• **Recorded information**:
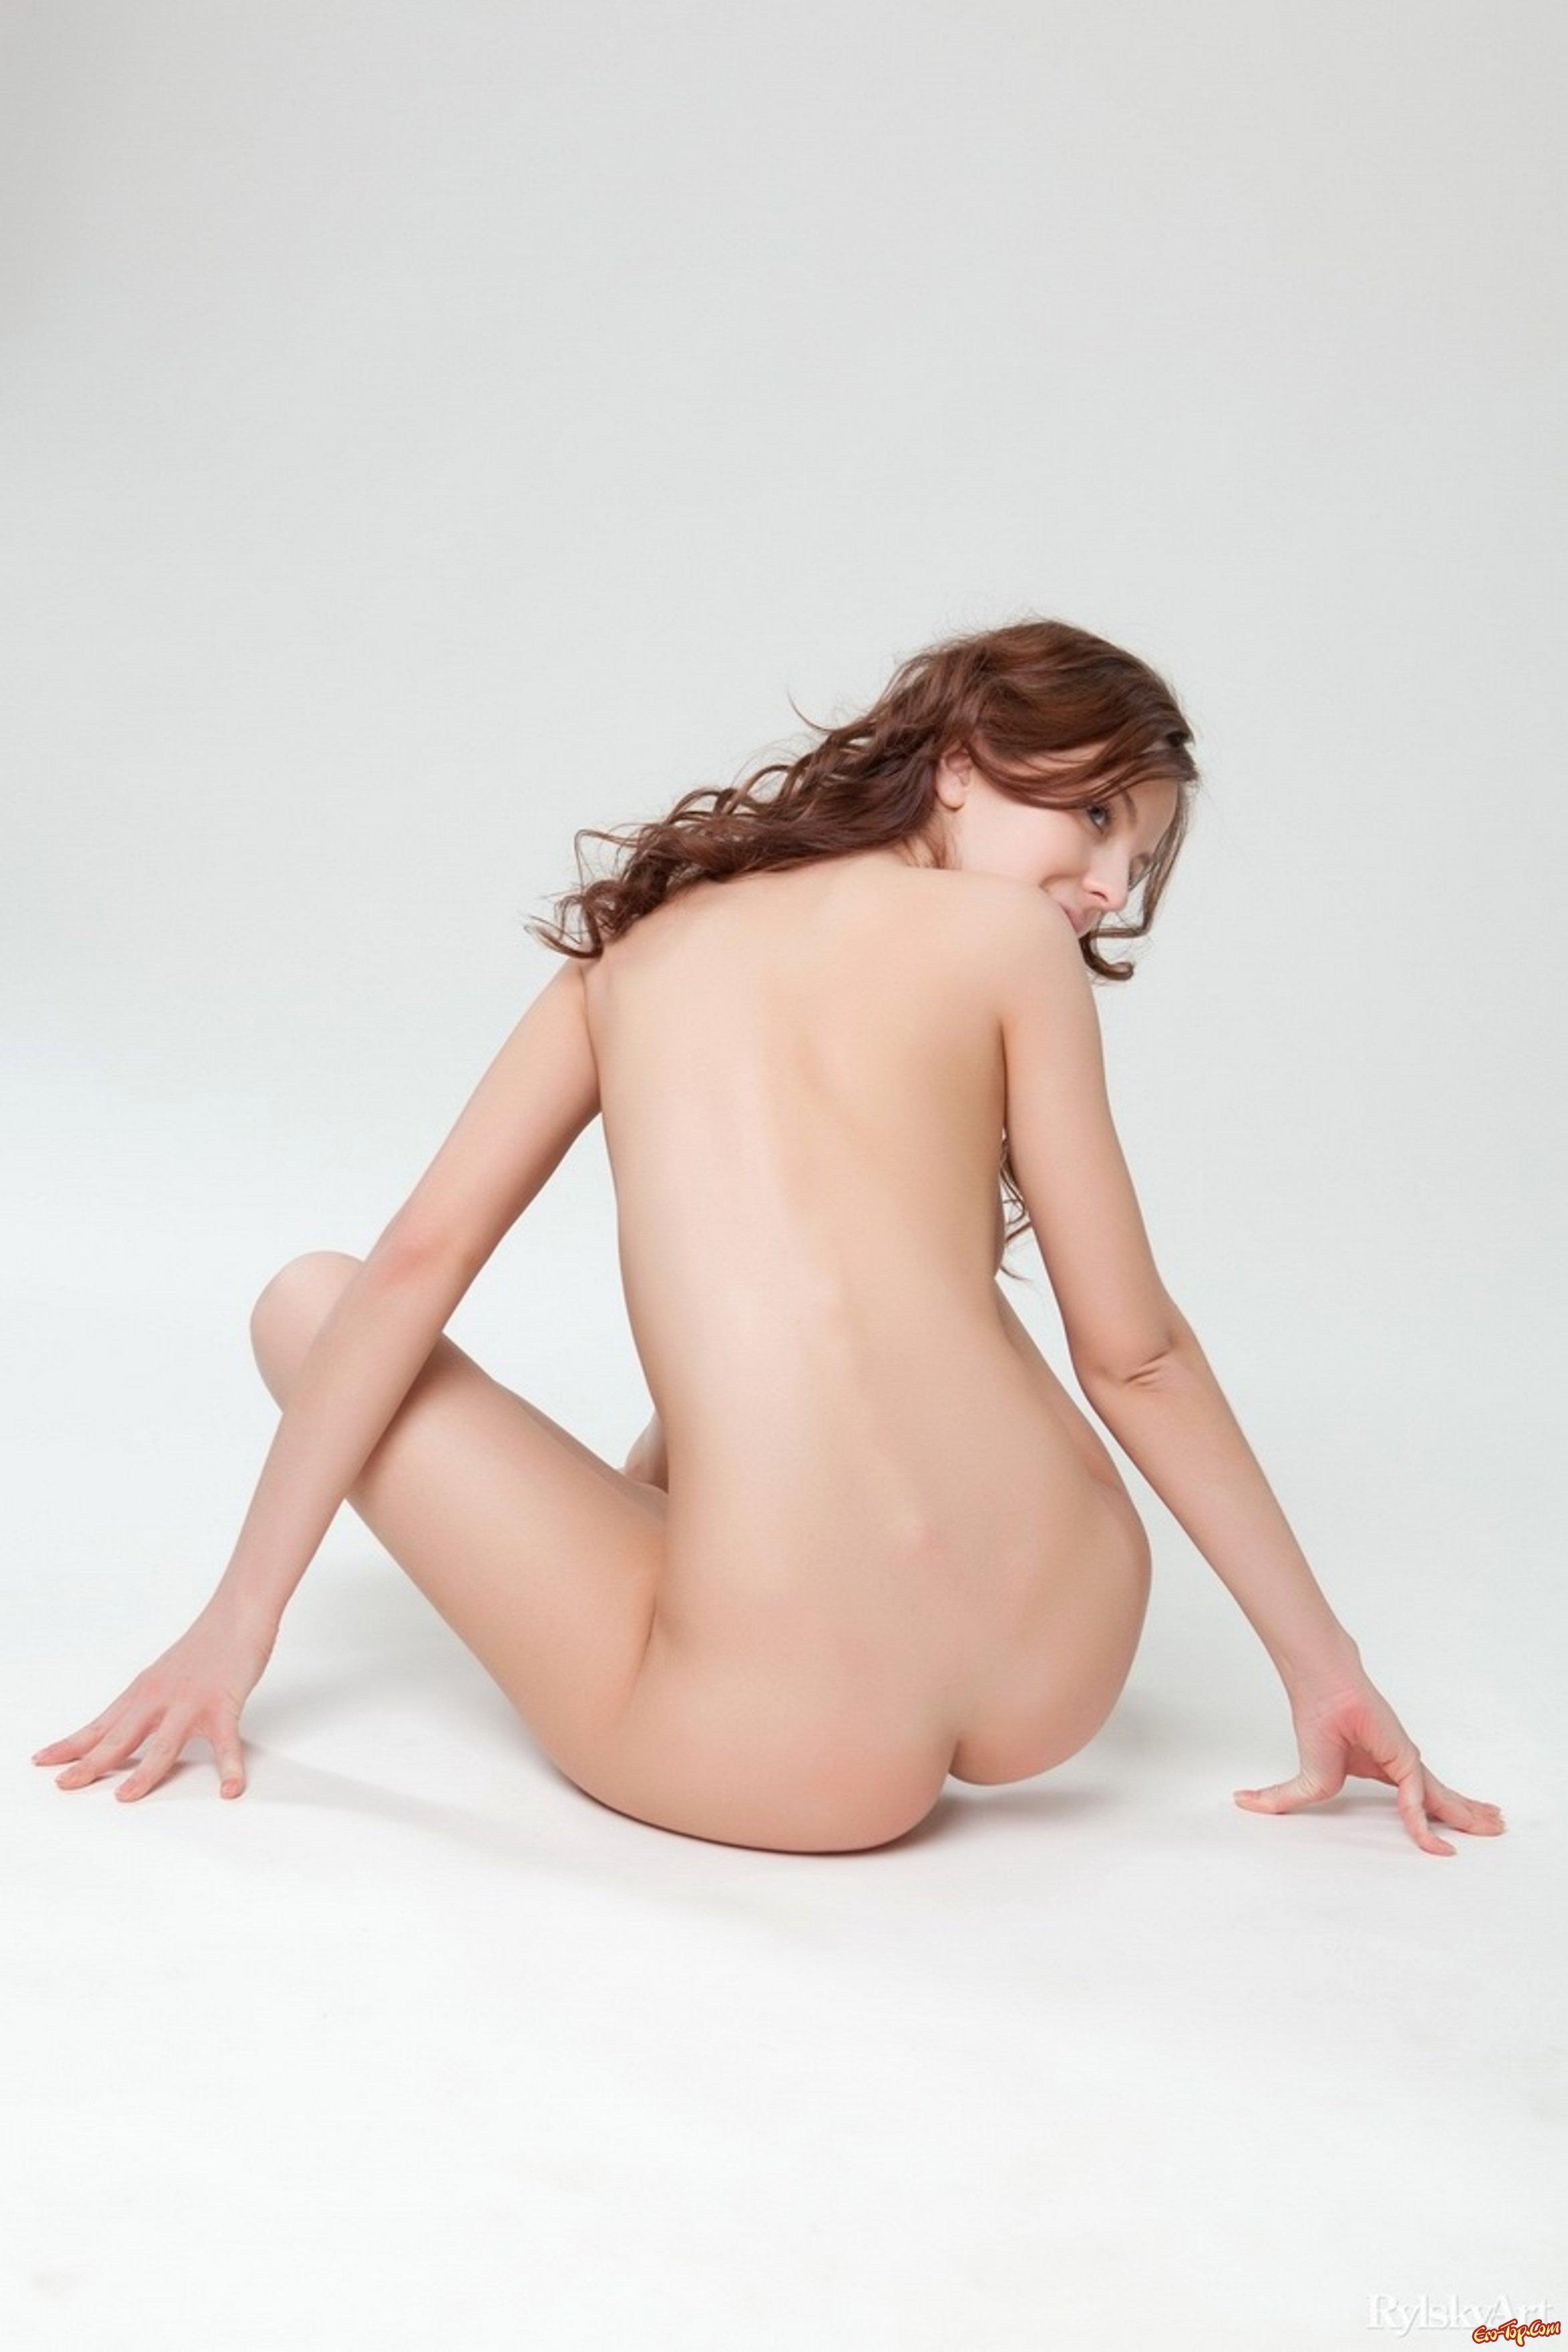 Эротическое портфолио девушек 6 фотография
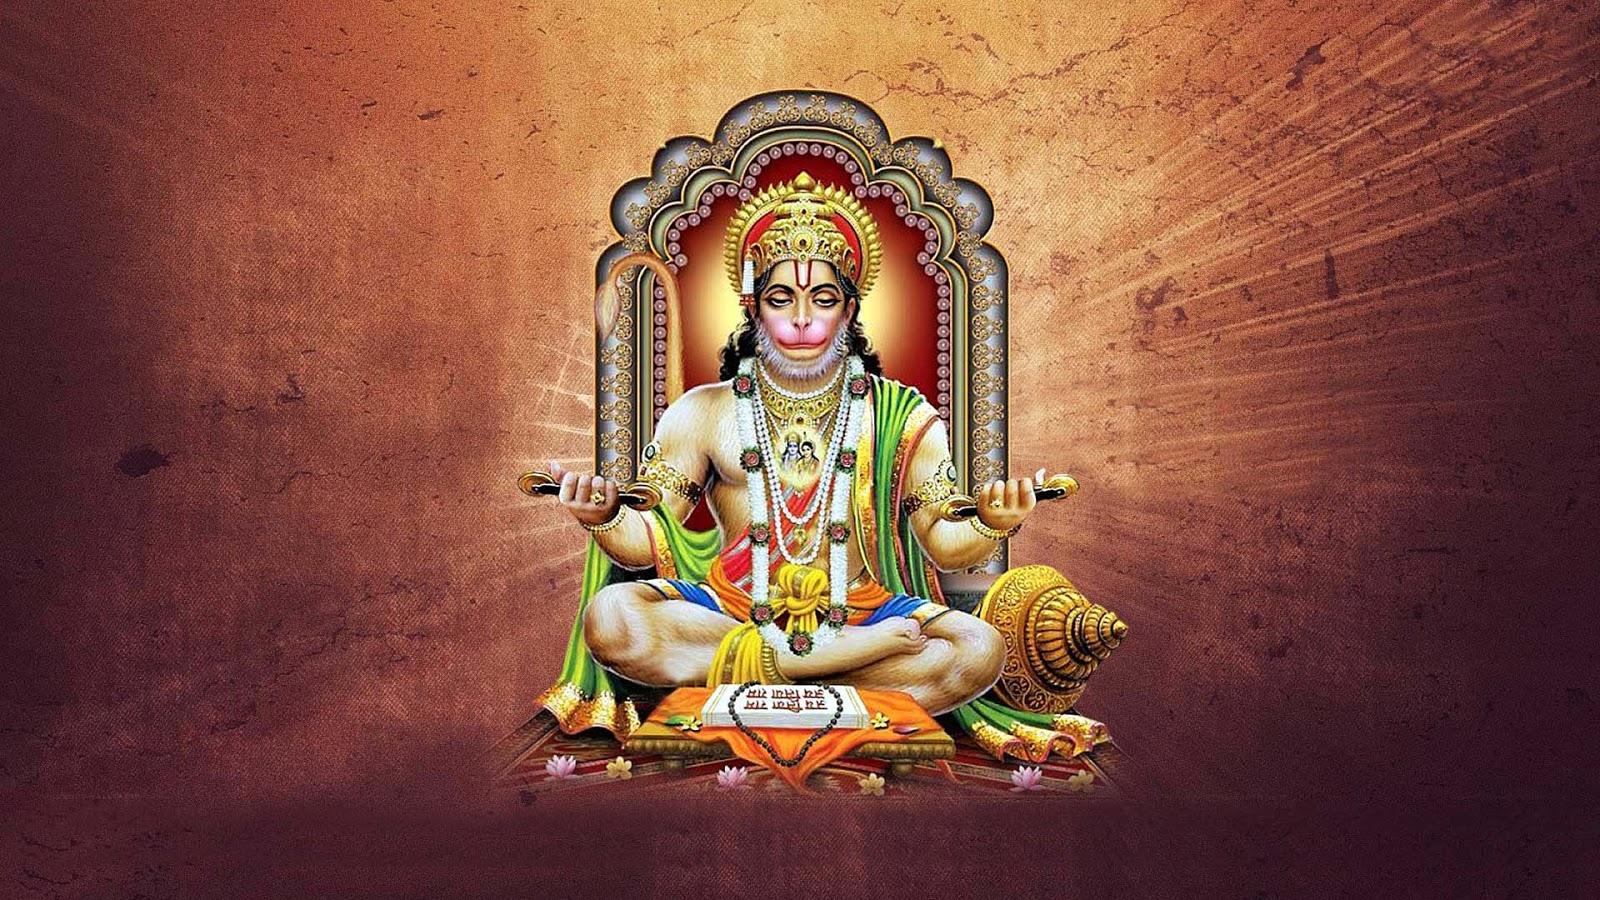 New Hd Images Of Hanumanji Free Download Tealoasis
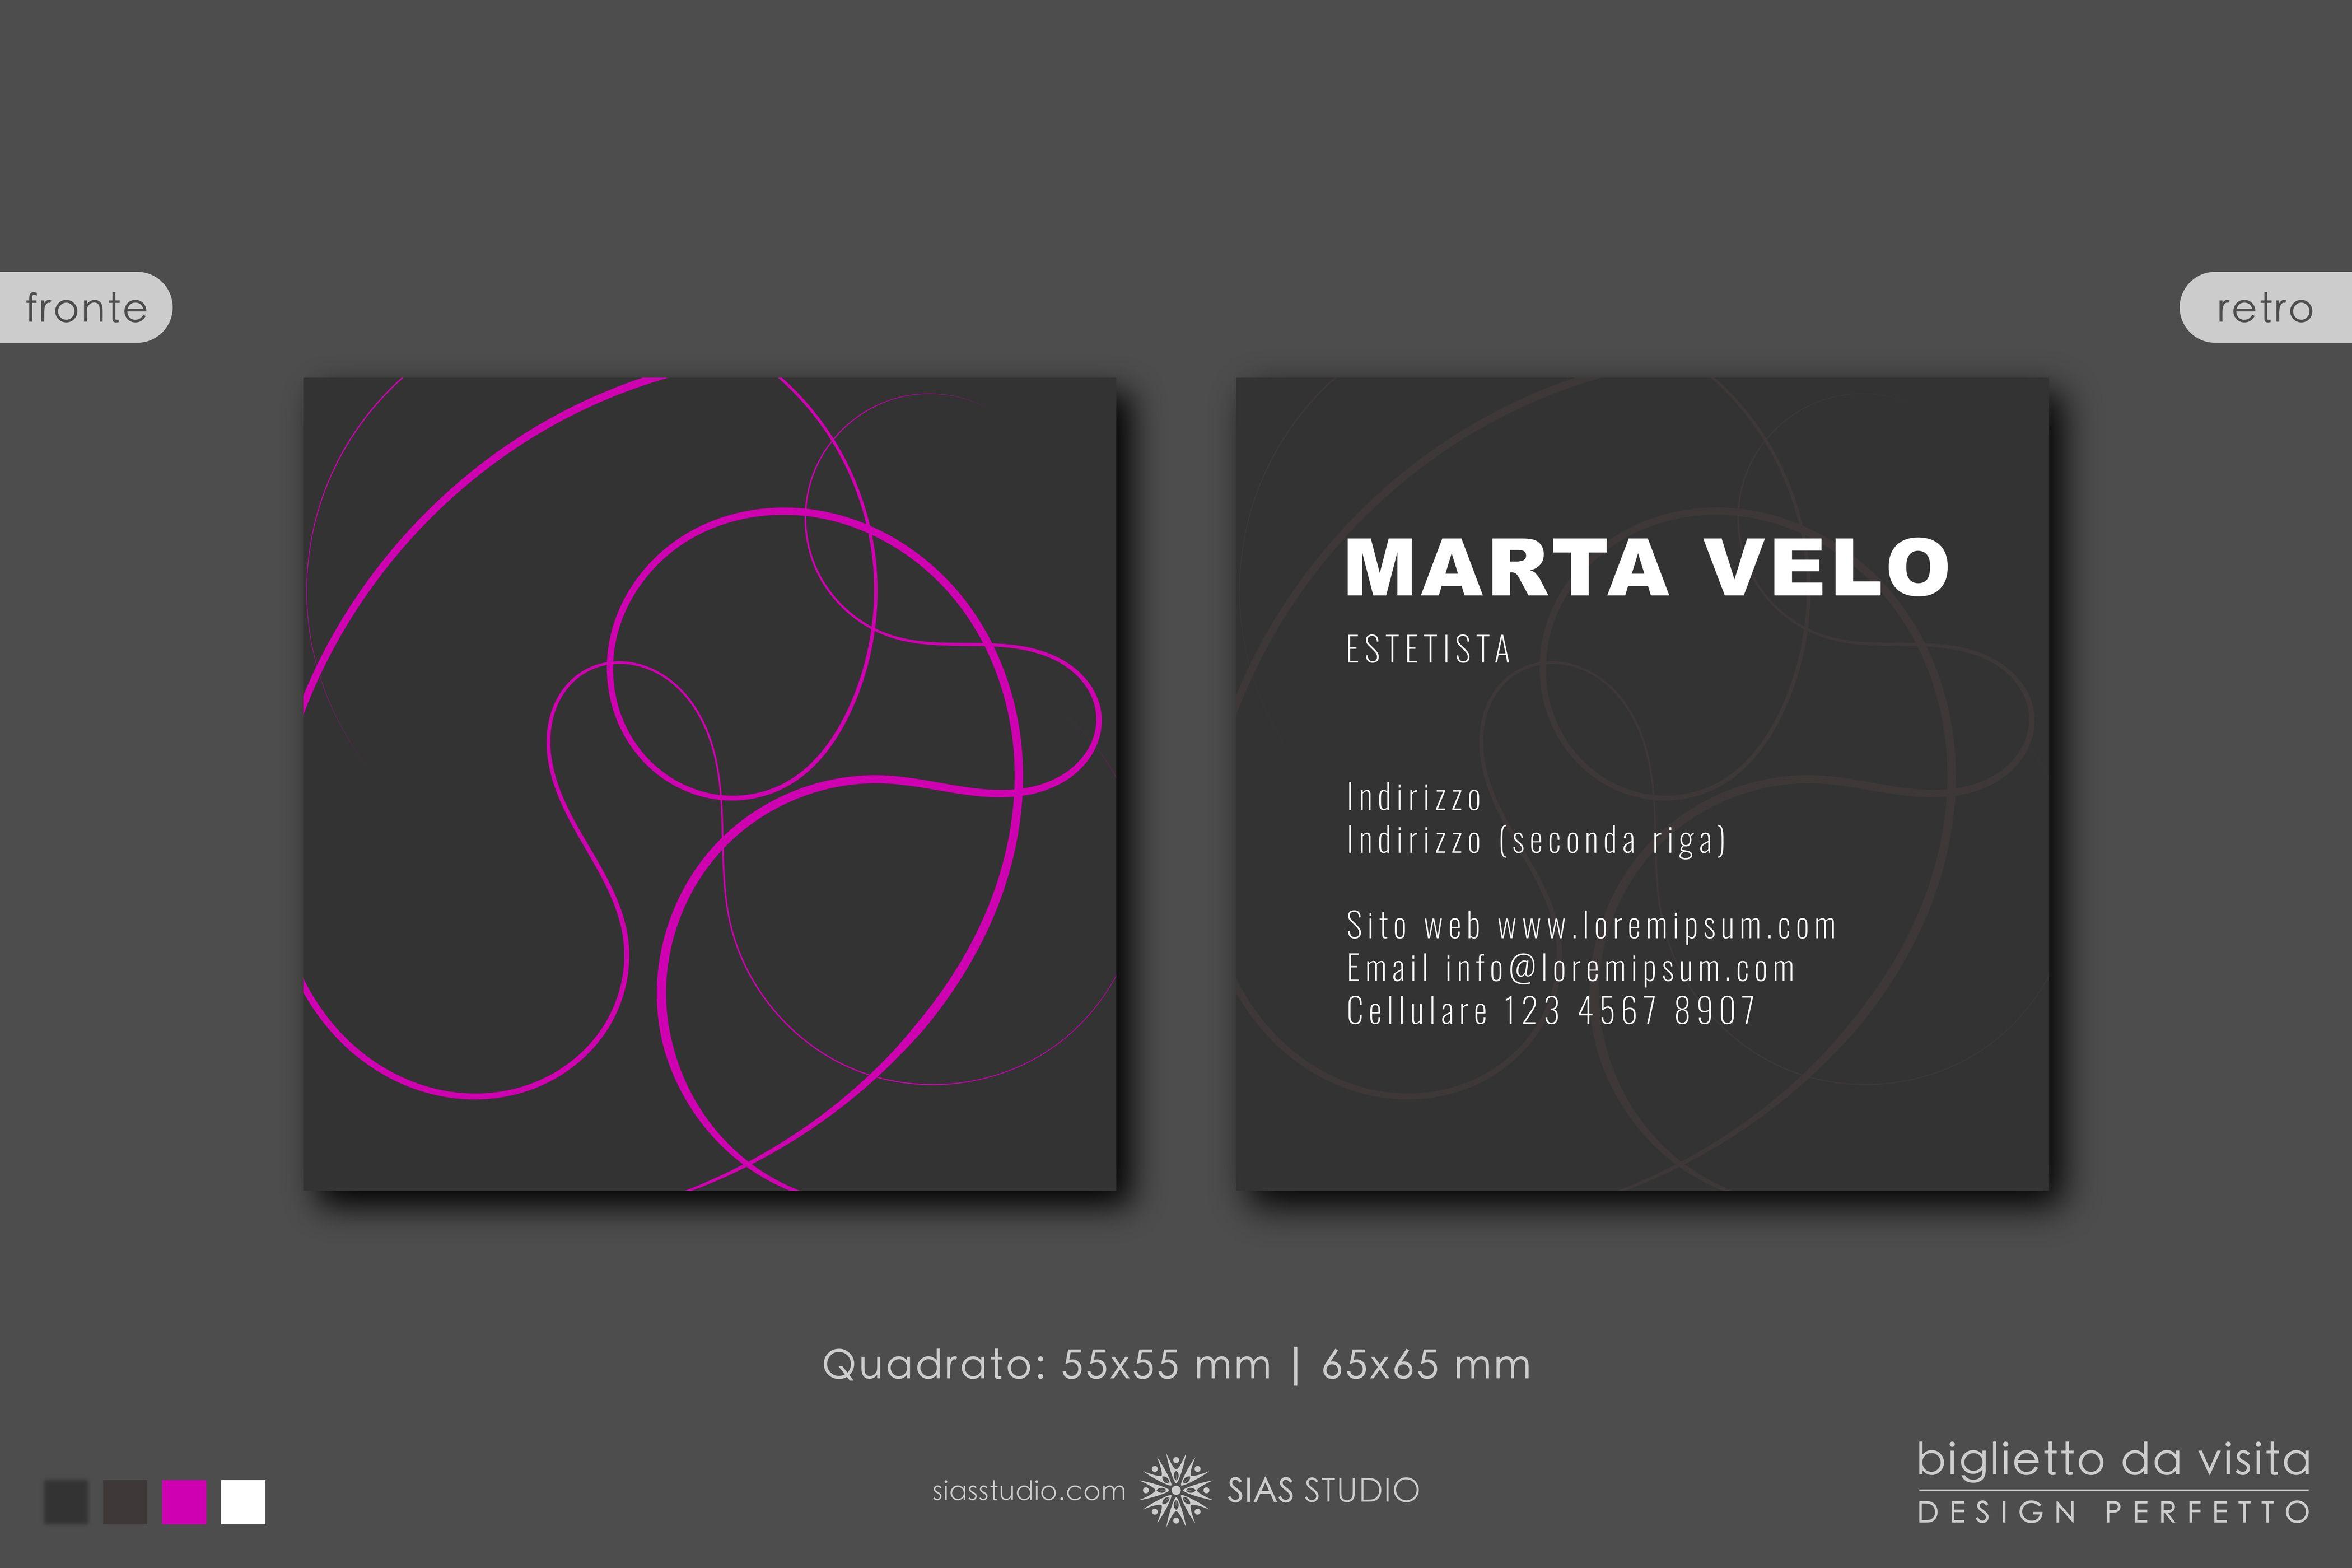 Modello Per Biglietto Da Visita Marta Velo Design Fantasia

• **To do**: Give back the listing exactly, with the pictures removed.

• **Reply to the exercise**:
 Эротическое портфолио девушек 6 фотография
 New Hd Images Of Hanumanji Free Download Tealoasis
 Modello Per Biglietto Da Visita Marta Velo Design Fantasia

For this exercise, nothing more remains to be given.